The transaction was originally backed by a GBP 192 million senior loan, which was split into two facilities: Facility A, which totalled GBP 150 million (which is the securitised loan), and Facility B (a syndicated loan, not forming part of the CMBS transaction), which totalled GBP 42 million. The senior loan refinanced the borrower’s existing debt. The senior loan was advanced by Morgan Stanley Bank, N.A. to Aldgate Tower S.A.R.L., which is controlled by Brookfield Property Partners L.P. (Brookfield) and China Life Insurance Company Limited (China Life). The senior loan is secured by the Aldgate Tower in the outskirts of the City of London.
In April 2021, Savills valued the Aldgate Tower building at GBP 330 million, representing a 58.2% day-one loan-to-value (LTV) ratio, which has since dipped slightly to 58.18%. This is because the LTV is the net debt as a percentage of the property’s market value. The net debt equates to principal minus cash held in the deposit, reserve, and cash trap accounts. The April 2022 investor report confirms that as there are no more funds held in the reserve account, compared with GBP 5,614,315.84 in the last quarter; as a result, the net debt increased to GBP 192 million (the current senior loan balance) from GBP 186,385,684. The current DY ratio is 6.8%.
The senior loan carries a floating rate of Sterling Overnight Index Average (Sonia; floored at 0%) plus a 2.85% margin for a three-year term. The interest rate risk is fully hedged with a prepaid cap provided by Standard Chartered Bank, with a strike rate of 1.0%, and a term expiring on the loan termination date.
The interest-only loan had a three-year term to 20 July 2024 with no extension options.
There are no DY or LTV financial covenants applicable either prior to a permitted transfer or following a permitted transfer. DBRS Morningstar’s view is that potential performance deteriorations can be captured and mitigated by the presence of the tightening cash trap covenants in the facility agreement. The loan is structured with increasingly stringent DY cash trap covenants requiring the sponsors to improve the asset performance in order to remain compliant with the loan terms. The covenants are tested quarterly on each IPD in years 2 and 3 at 7% and 8%, respectively. Additionally, the structure includes a senior LTV cash trap covenant set at 70% LTV for the three-year loan term.

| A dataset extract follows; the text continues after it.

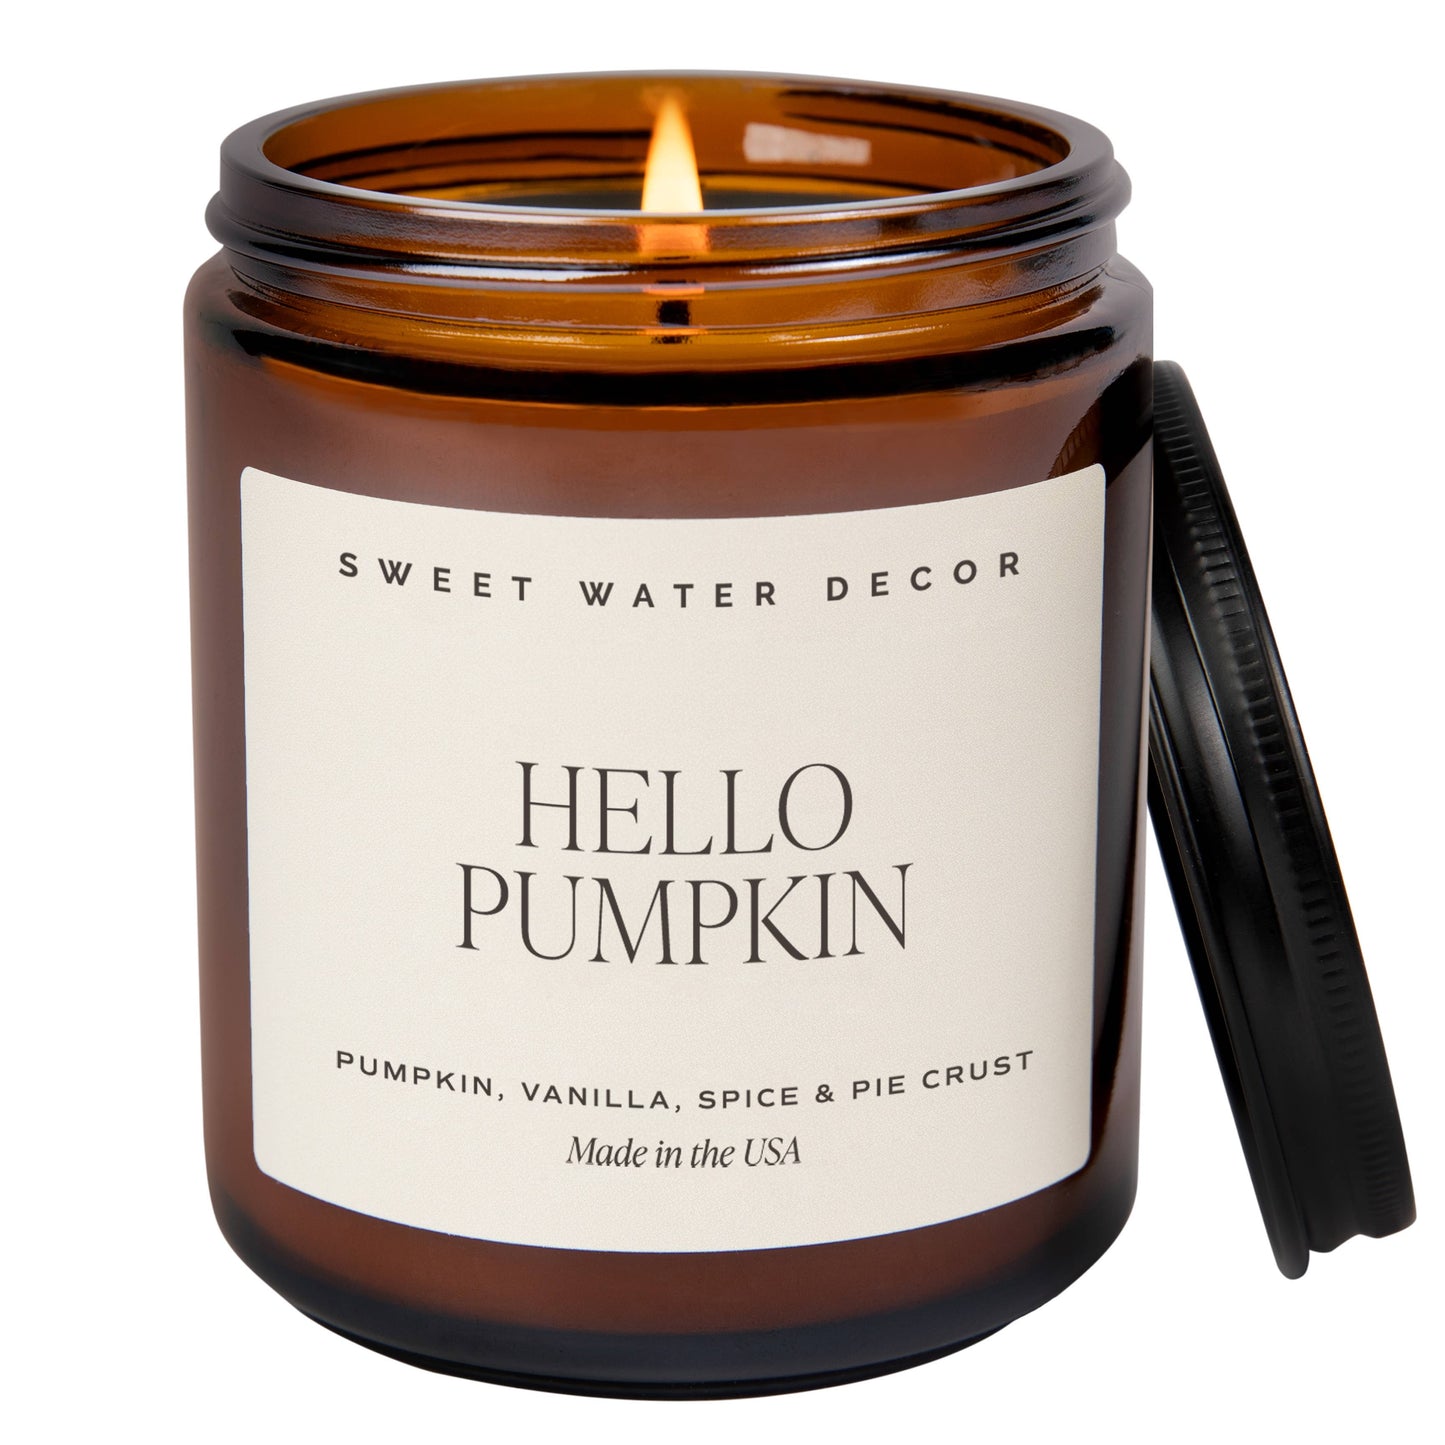 Sweet Water Decor Hello Pumpkin 9 oz Soy Candle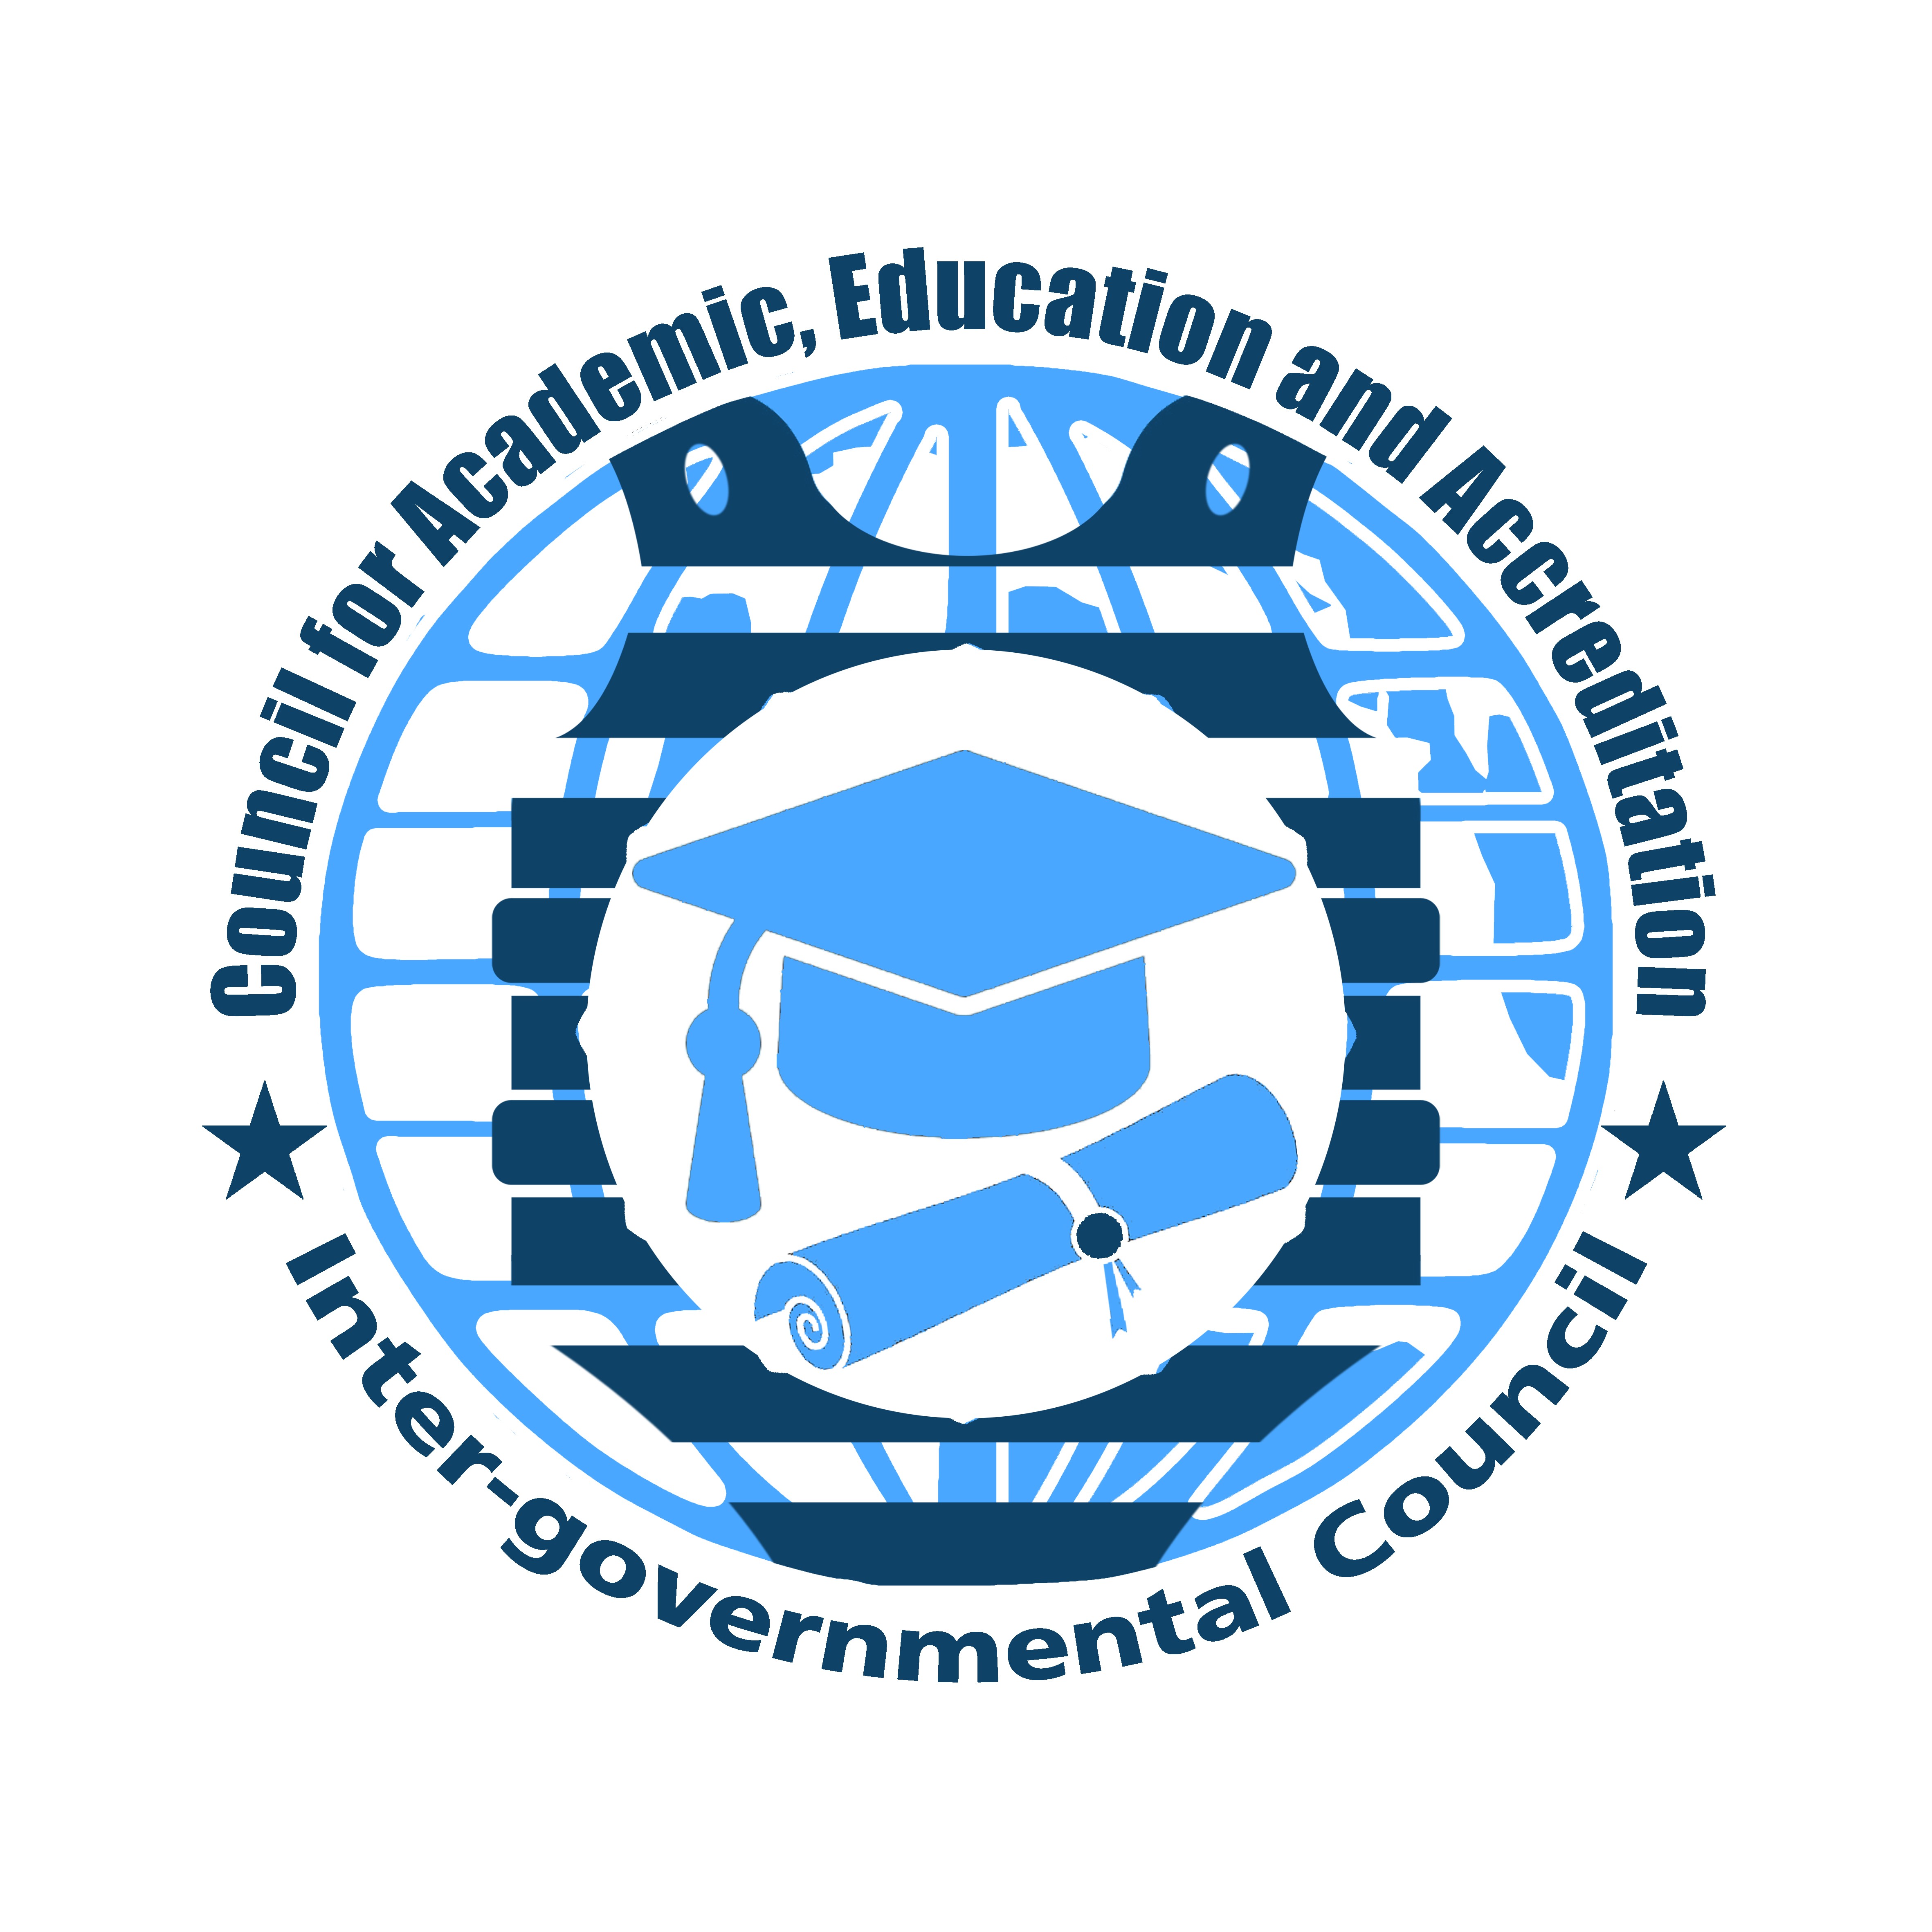 Council of Academic, Education and Accreditation

The April 2022 investor report states that the DY was 6.8%, compared to 8.2% on the January 2022 IPD. The decrease in DY has been mainly driven by GBP 2 million rental arrears from an outgoing tenant (representing 12.9% of the annual contracted rent) being removed from the rental income. The outgoing tenant will be exercising its break option in October 2022. Currently, the adjusted net rental income (NRI) excludes the rent due from the outgoing tenant due to the arrears being more than 90 days past due, but includes a new incoming tenant (discussed below). The most recent investor report from April 2022 shows that the loan is currently performing. However, from DBRS Morningstar’s enquiries to the servicer, all things being the same, it is likely that the 7% DY cash trap will be breached on the July 2022 IPD, as it will now be year 2, so the DY cash trap threshold will now be 7% when, in year 1, there was no DY cash trap event. Therefore, after accounting for payments of interest, the remaining excess cash will likely be transferred to the cash trap account.
The loan previously benefited from a GBP 2.7 million capex/tenant improvement reserve and a GBP 5 million interest reserve. The property had been fully let until shortly before issuance; however as at the 20 April 2021 cut-off date, due to the loss of a key tenant, the property was only 68.4% occupied. This was mitigated by: (1) the loan-level interest reserve of GBP 5 million, which could be released to the borrower on the latter of occupancy being greater than 90%, or the interest coverage ratio equalling or exceeding 1.8x; and (2) a loan-level capex reserve of GBP 2.7 million (amortised to GBP 1.7 million at issuance, with the loan-level capex reserve being available to fund deficits in interest shortfall reserve amounts). On the January 2022 IPD, the conditions to release the loan-level interest reserve of GBP 5 million were met, and it was consequently released to the borrower at its request. Hence, once the outgoing tenant vacates the property in October 2022, the loan-level interest reserve as well as the loan-level capex reserve (which the servicer has confirmed is no longer available) will not serve as mitigants as they did at issuance.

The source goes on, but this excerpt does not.